Can anyone tell me what "Apostilla de la Haya" means? I suspect its some type of what we call a "Notarized Document" here in the U.S.

WHat I'm trying to find out is, what does it take to open a Bank Account in Spain for both a self-employed consultant working under a Business Name and also a private normal personal checking/savings accouunt.

Also, here in the U.S., I work as a consultant using my own name. I do not have a ficticious name (e.g. DBA - meaning "Doing Business As"). I bill using my name and I am issued a 1099 at the end of the year for my U.S. Taxes. Is this acceptable in Spain or do I have to have some silly ficticious name?

Thanks for anyone's input!


----------



## J.O.N. (Oct 22, 2008)

﻿Apostillado de la Haya is what you need to do to your documents so that they are treated as
legitimate documents in Spain. What you need to do is to take the documents to the US State
department and explain that they have to be validated with the apostillado de la Haya and they’ll know what to do.
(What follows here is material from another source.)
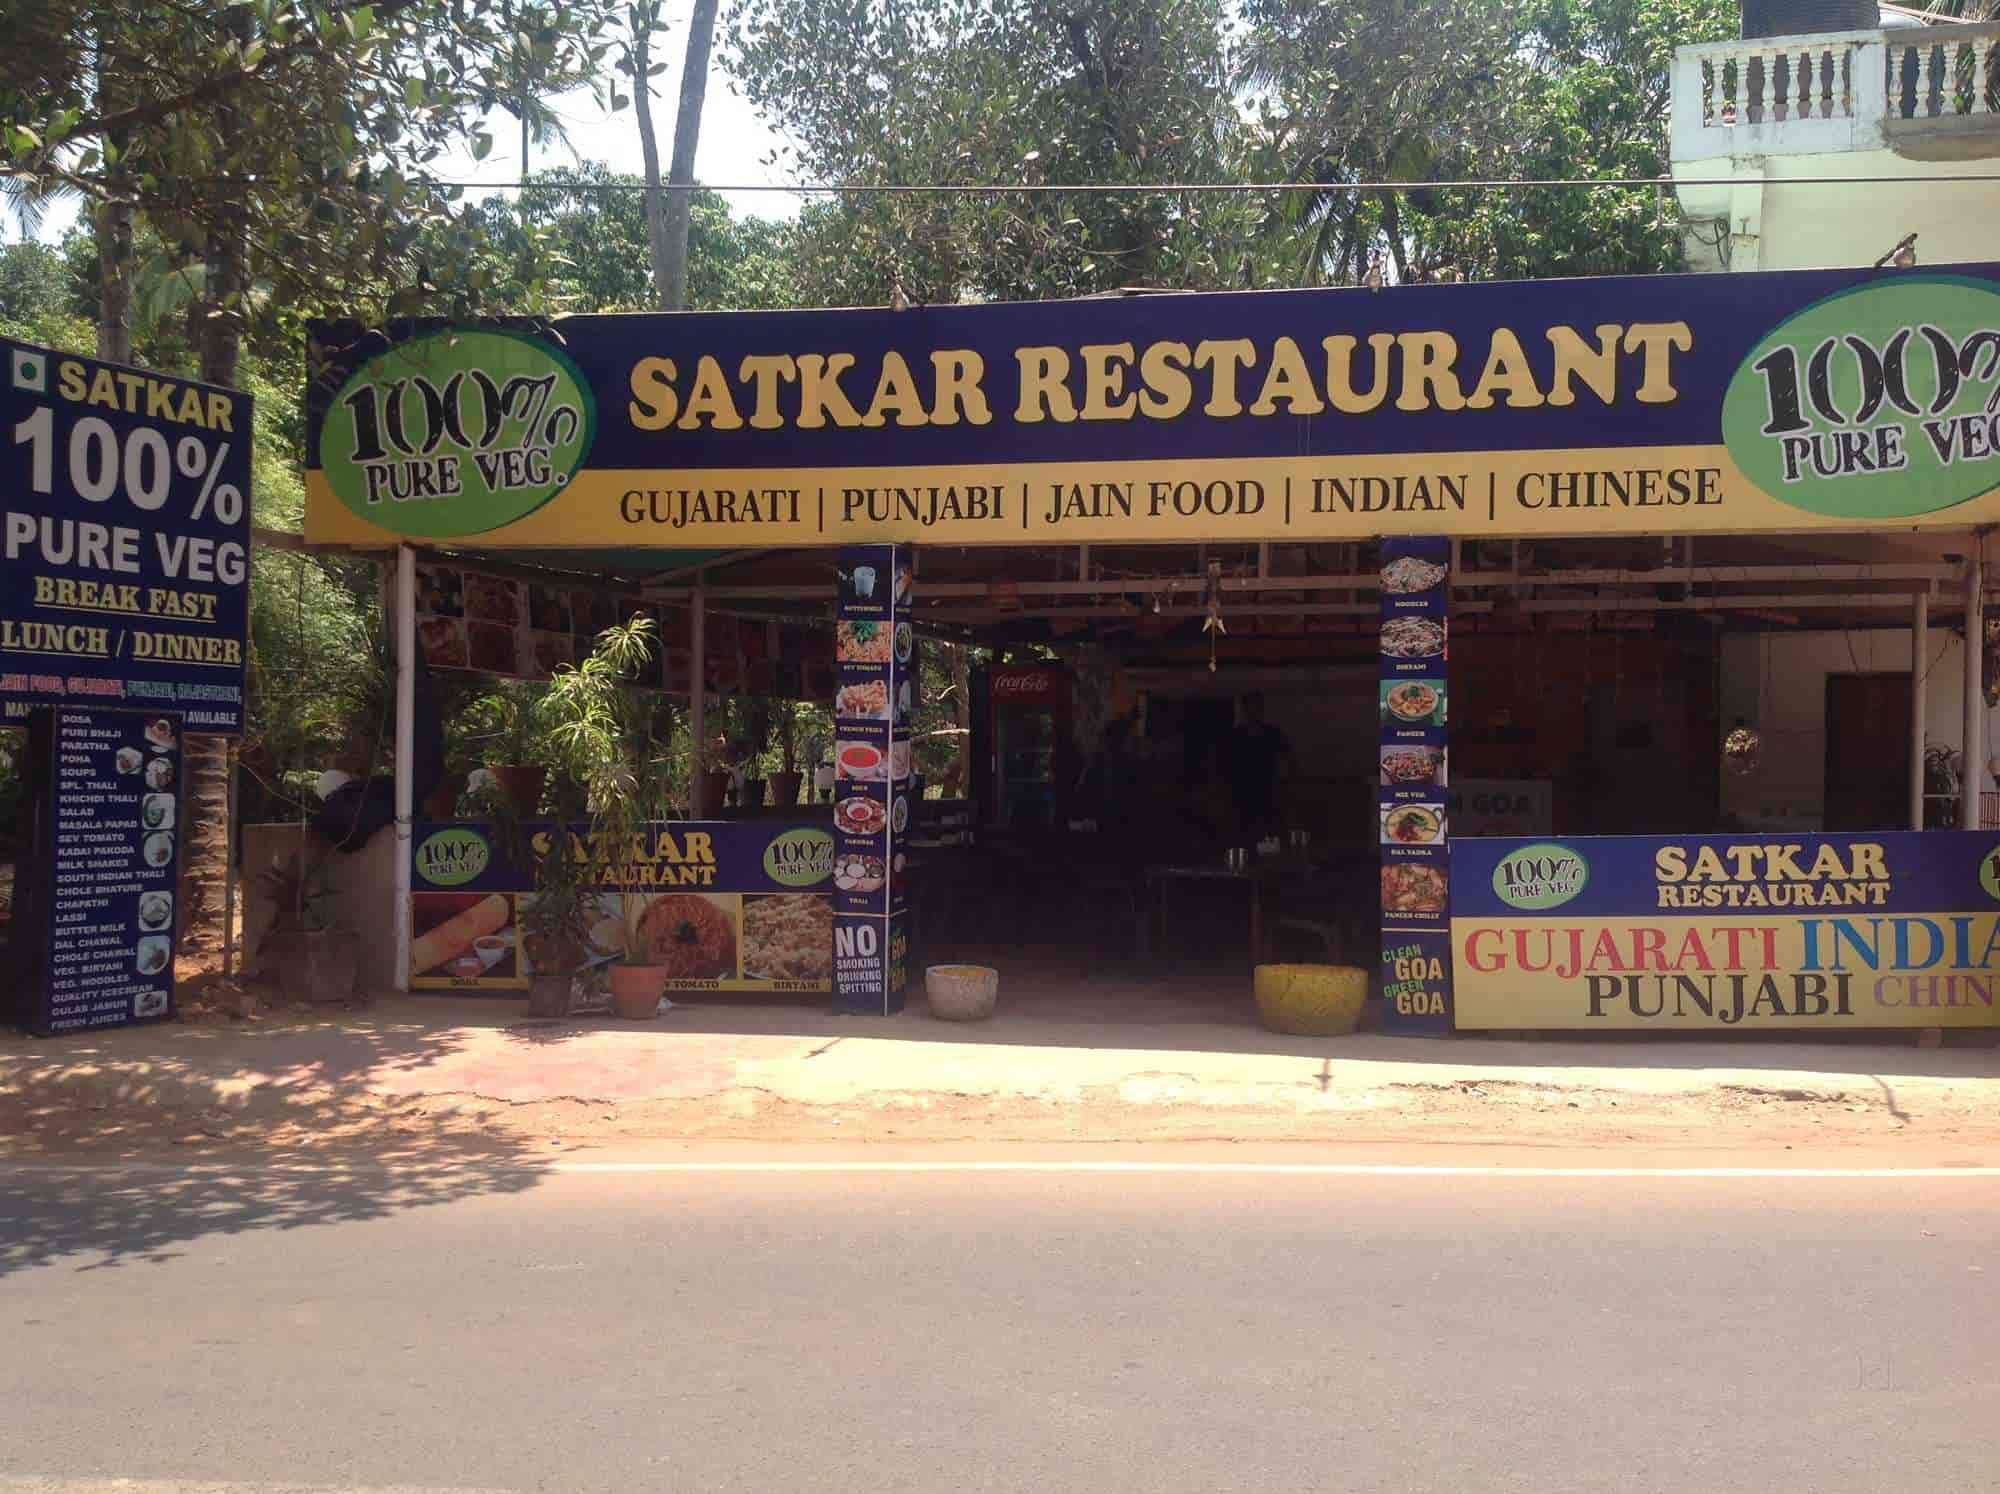 Satkar Pure Veg Restaurant Calangute Goa Restaurants Justdial

Getting them notarized is not going to do the trick, there is a vast difference between a notary public in the States and a Notario in Spain.

Opening a bank account as a non resident is easy, all you need is money and your passport. Once you have established residency and are legally authorized to work, you will have a resident number which is equivalent to the NIE, at that point you will have to change your bank account from non-resident to resident status.

I hope this helps,

J.O.N.


----------



## SteveHall (Oct 17, 2008)

You should speak to a financial planner/advisor as to where you should be tax resident. 

You can work as John Smith, you can equally work as John Smith SL or xyz123 SL T/A John Smith 

To set up as a SL (limited company in the UK, don't know re USA) will be 3,000+ euros. Thus many stay autónomo and work their own account. 

Your advisor will be able to assist as to what is best for you. 

Te deseo mucha suerte


----------